→ **THE DATA**:
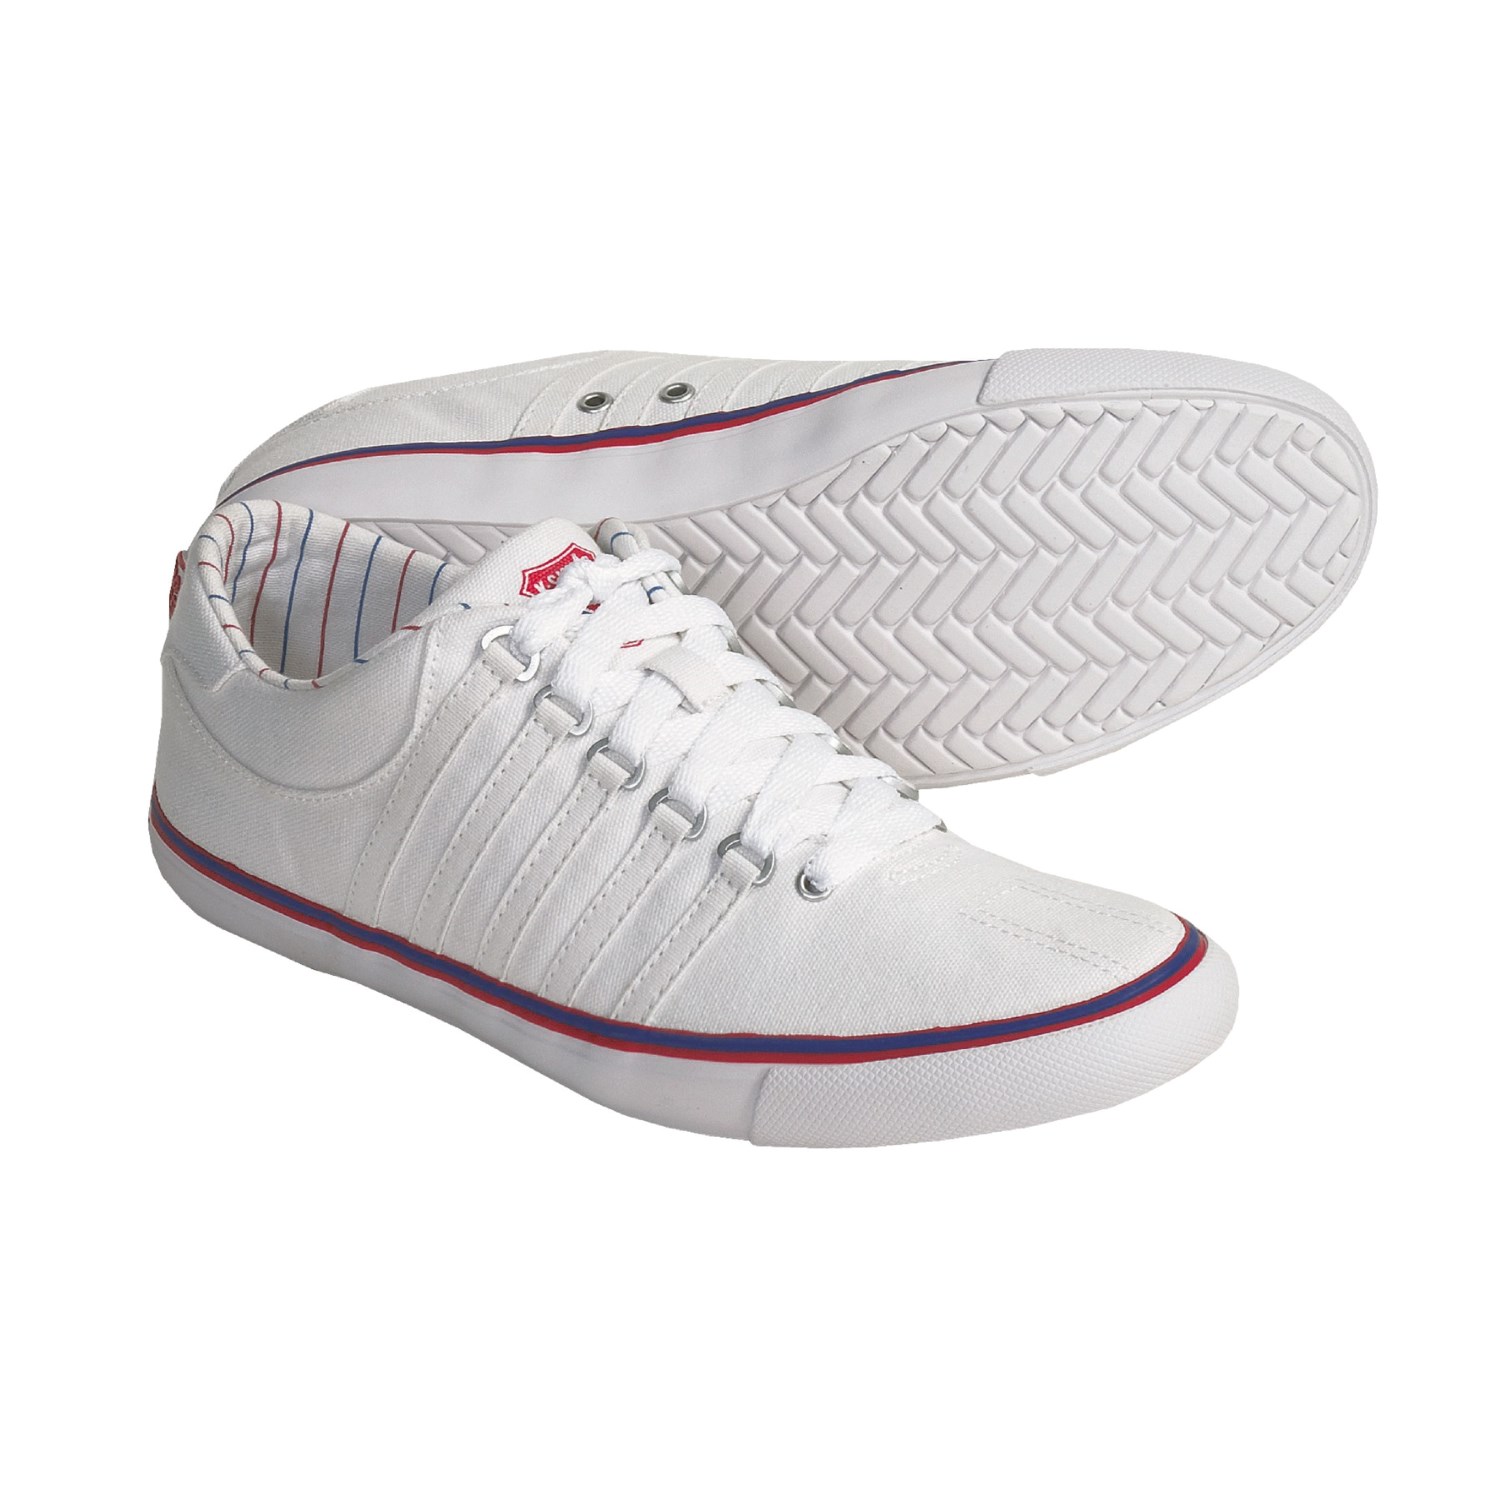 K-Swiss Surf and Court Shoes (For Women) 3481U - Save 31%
* * *
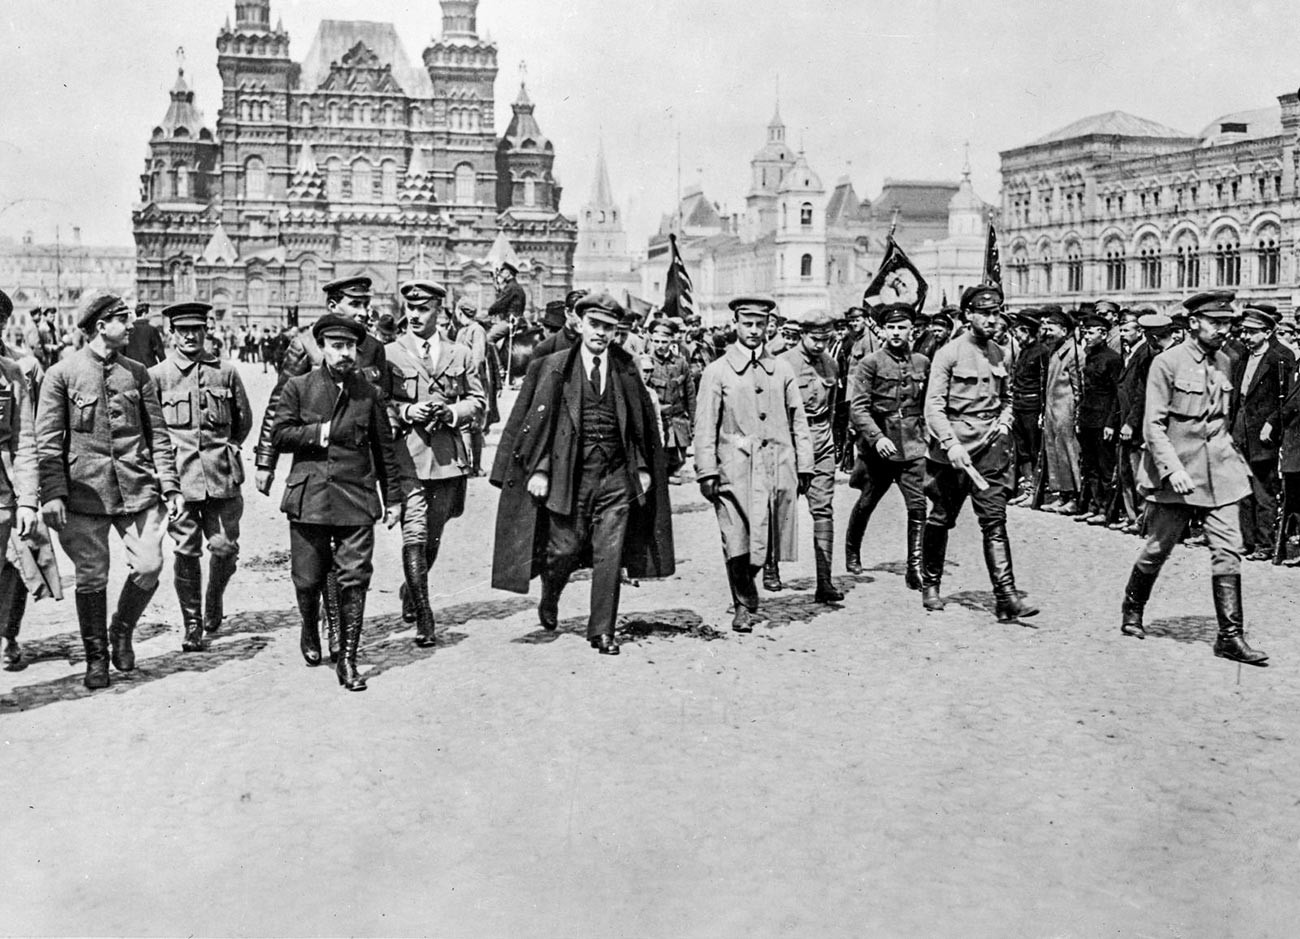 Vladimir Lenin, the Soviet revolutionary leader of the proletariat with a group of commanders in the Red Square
...
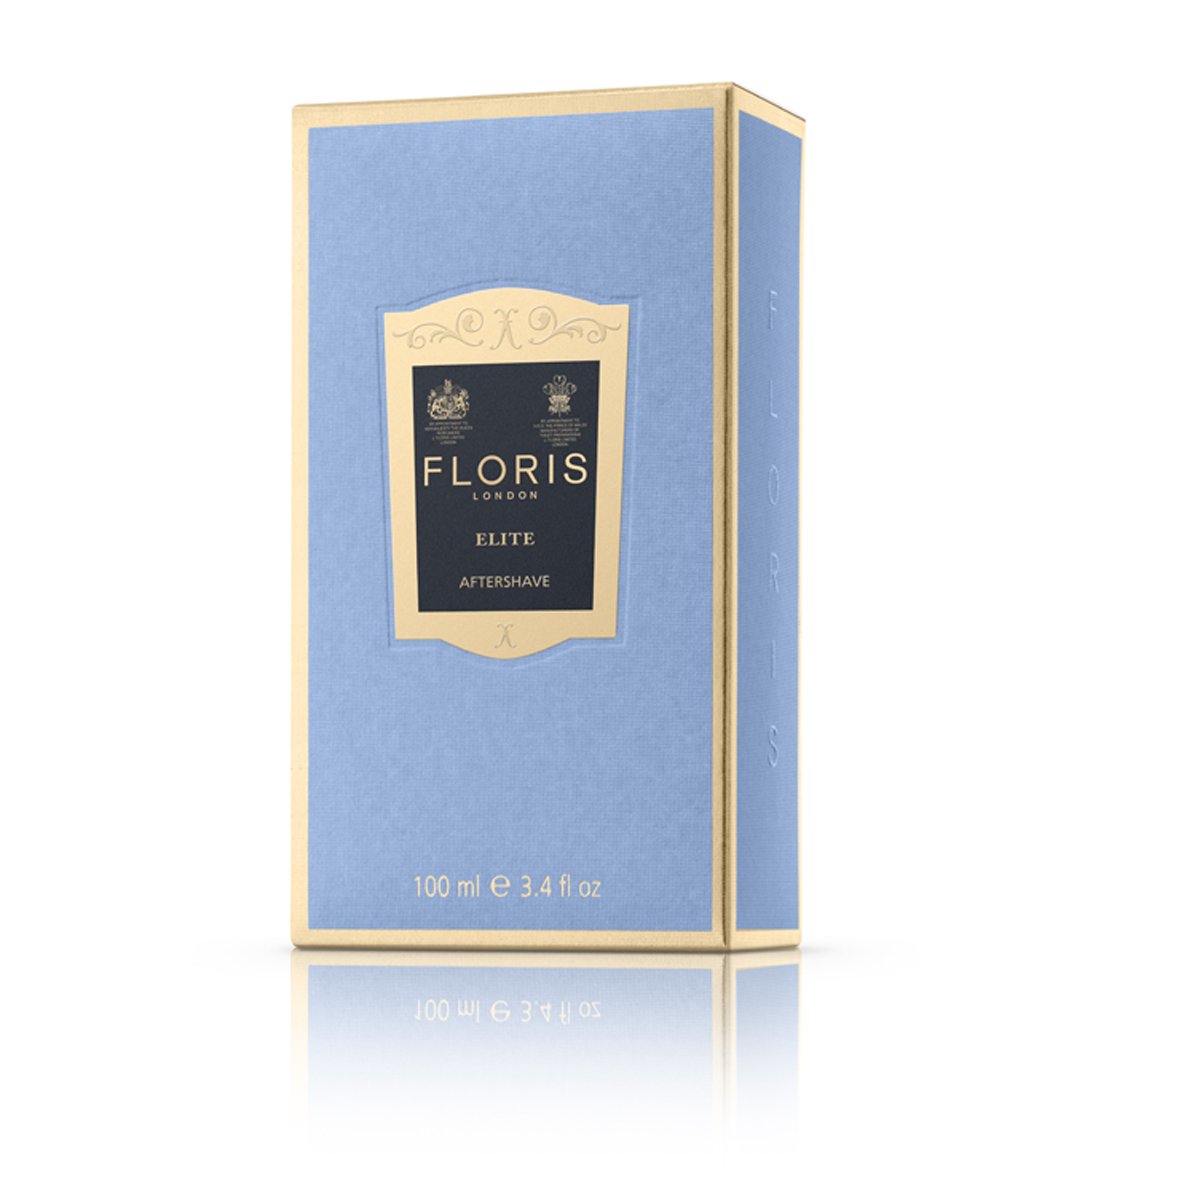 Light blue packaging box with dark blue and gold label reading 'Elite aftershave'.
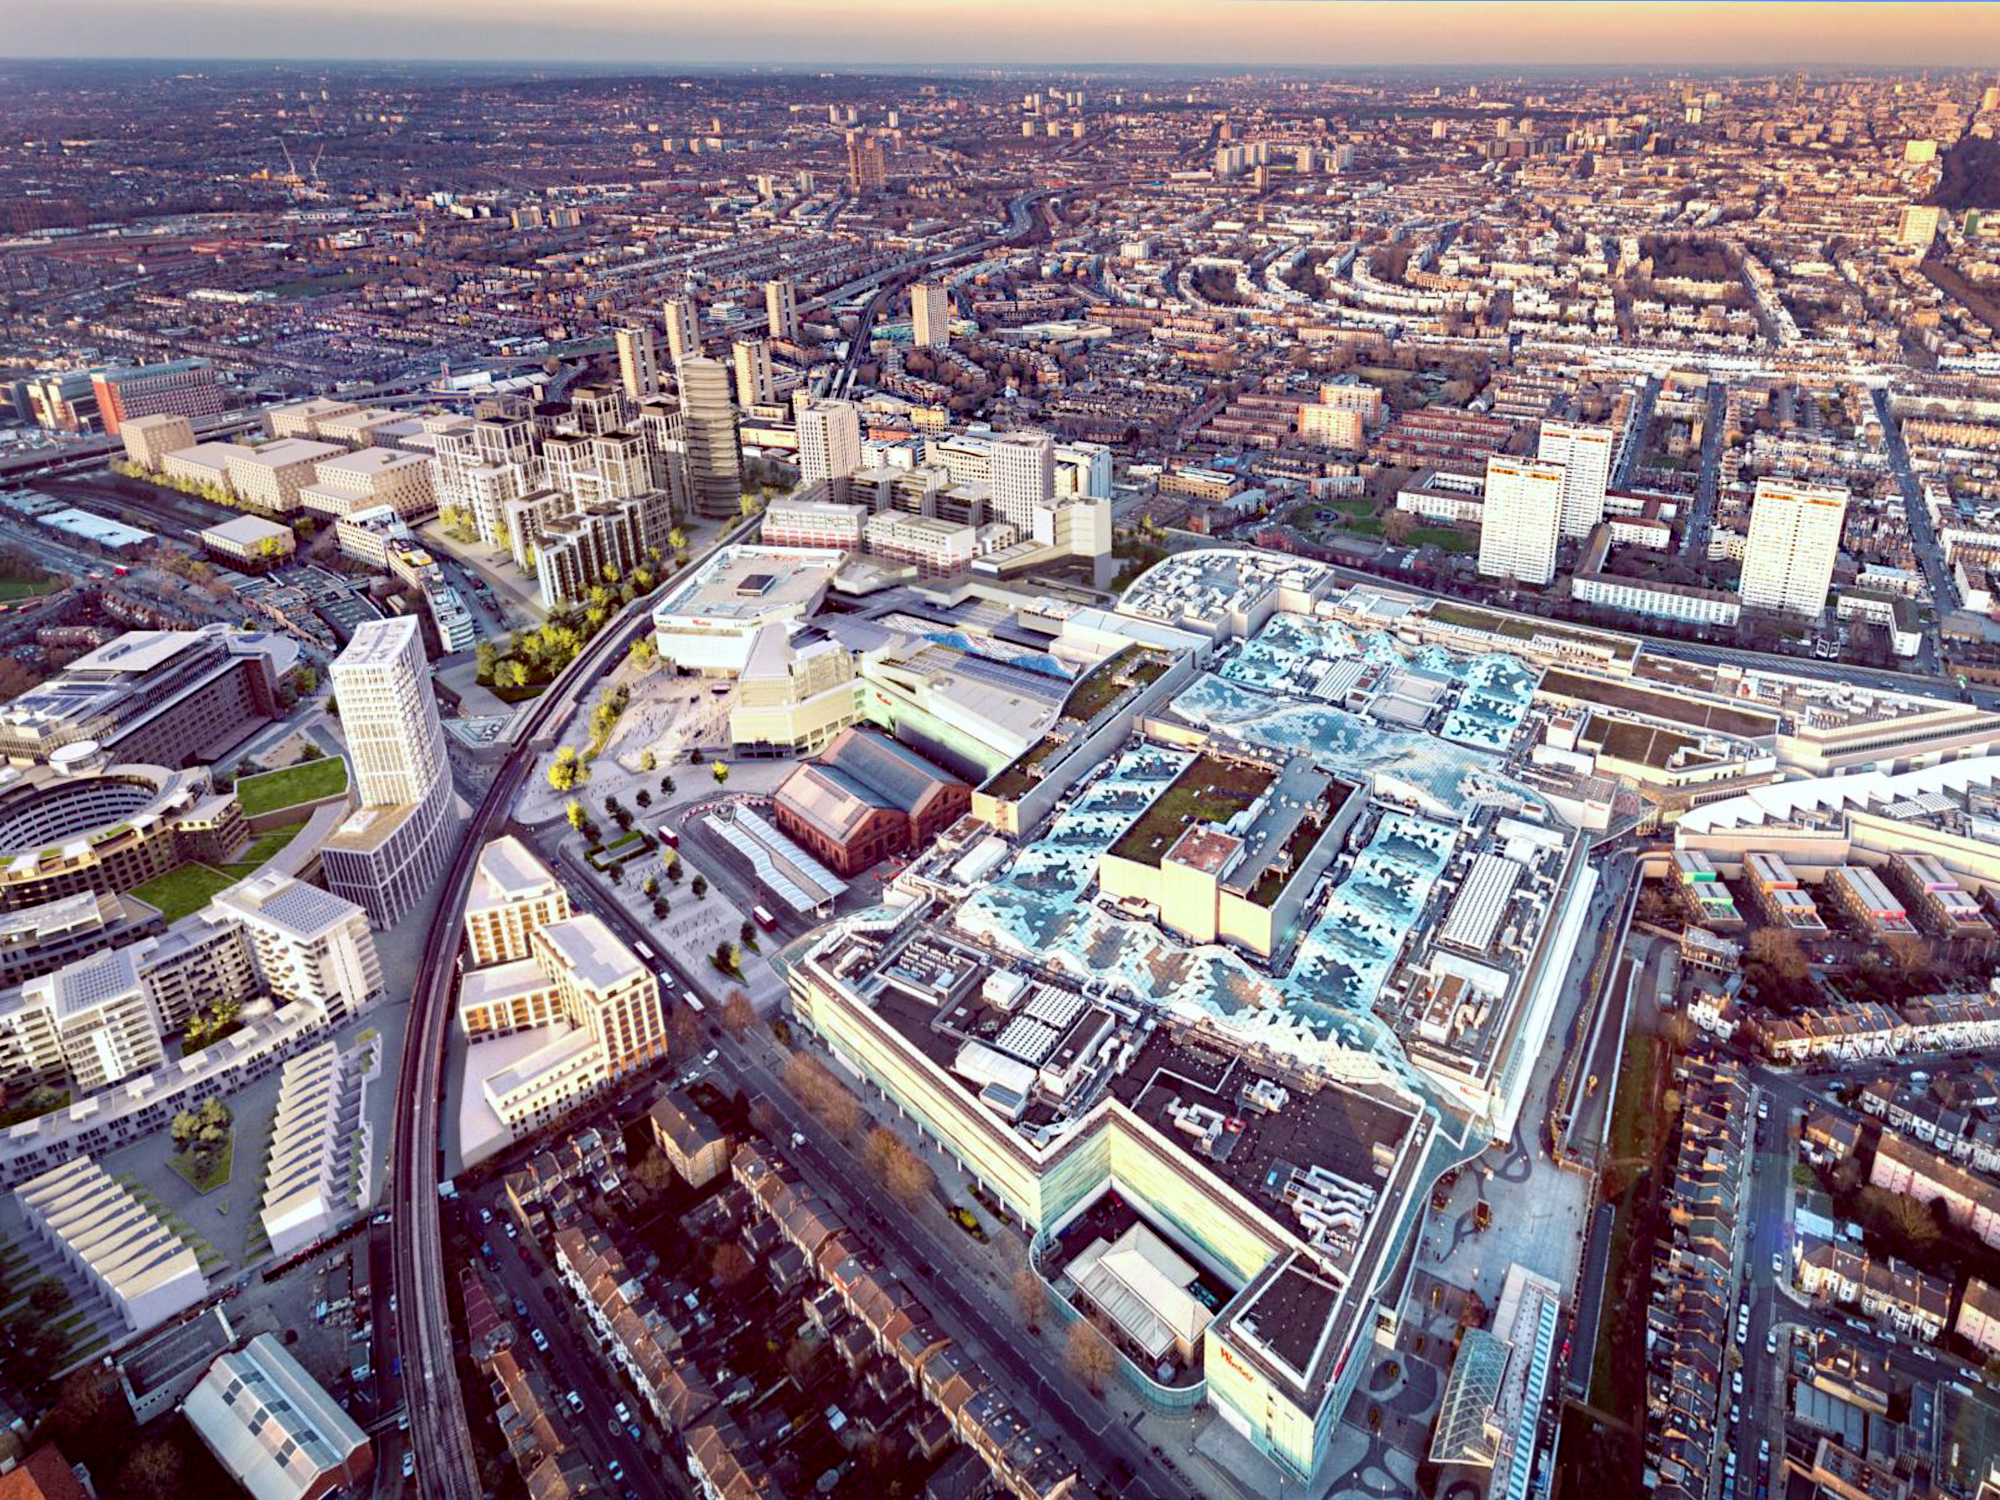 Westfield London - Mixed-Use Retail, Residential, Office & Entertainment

→ **AIM OF THE TASK**:
If a picture sits between the line containing "Light blue packaging" and the line containing "Westfield London - Mixed-Use", leave it out, and return the lines of that range above exactly, both ends included.

→ **ANSWER FOR THE TASK**:
 Light blue packaging box with dark blue and gold label reading 'Elite aftershave'.
 Westfield London - Mixed-Use Retail, Residential, Office & Entertainment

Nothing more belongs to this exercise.